Lo stesso lavoro lo si sta facendo sull’umanità a discapito dell’identità e della diversità dei popoli. Le nostre aziende non hanno più la sovranità sul seme, quindi, non abbiamo neppure quella alimentare. E se il rapporto tra lo schiavo ed il padrone si risolve nella dazione o meno del cibo possiamo dire che oggi siamo schiavi. Credo, poi, che gli agricoltori non si rendano conto di cosa abbiano studiato a nostro danno. L’agricoltore vende il grano a 15 – 16 euro a quintale, ossia a 10 euro in meno di quanto gli costa produrlo. Eppure i raccolti continuano di anno in anno. Perché? Di fronte al prezzo basso, il contadino, per pagare le fatture, l’Inps, onorare i debiti e mantenere i figli ha una sola possibilità: produrre di più. Per aumentare le rese di qualche quintale per ettaro si impoverisce la terra, si usano anche terreni marginali e si abusa di concimi chimici. Ma più aumenta l’offerta di grano, più cala il prezzo. Spirale di follia. L’agricoltore continua a misurare il suo lavoro in base ai quintali/ettaro, facendo magari a gara con il circondario, mentre va verso il fallimento. Per il mercato, anche se fallisce un agricoltore, non è un problema, la terra continua a produrre.
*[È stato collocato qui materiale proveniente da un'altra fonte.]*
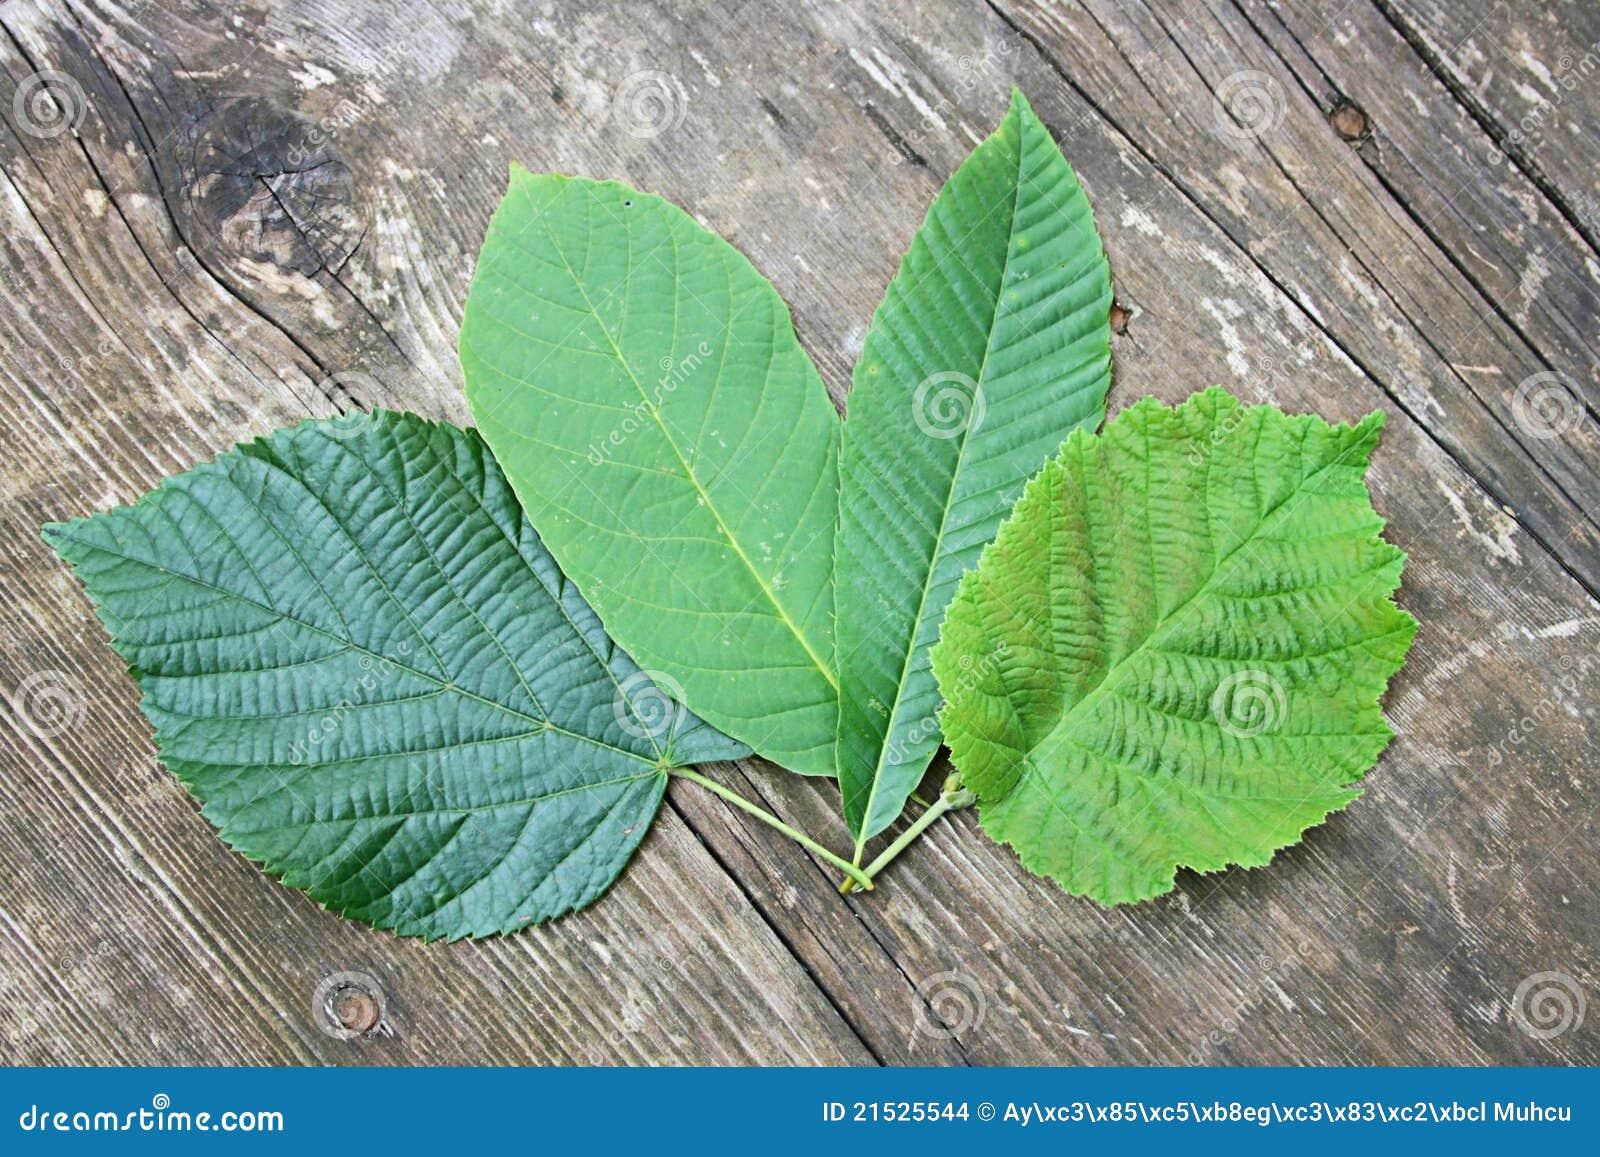 Hazelnut,Chestnut,Walnut And Linden Tree Leaves Stock ...

Inoltre, i contributi che vanno nelle tasche degli agricoltori, in realtà aiutano i compratori di grano a prezzi stracciati. Saranno sempre i governi a guidare l’agricoltura. Oggi, le nostre aziende agricole sono dei Centri di Trasformazione di Combustibili Fossili in Cibo. Un inganno, un bluff pare ci sia alla base di questa crisi. Consolidatosi nell’arco di pochi lustri, divenuto verità difesa con convinzione a tutti i livelli. Il cibo non è una merce.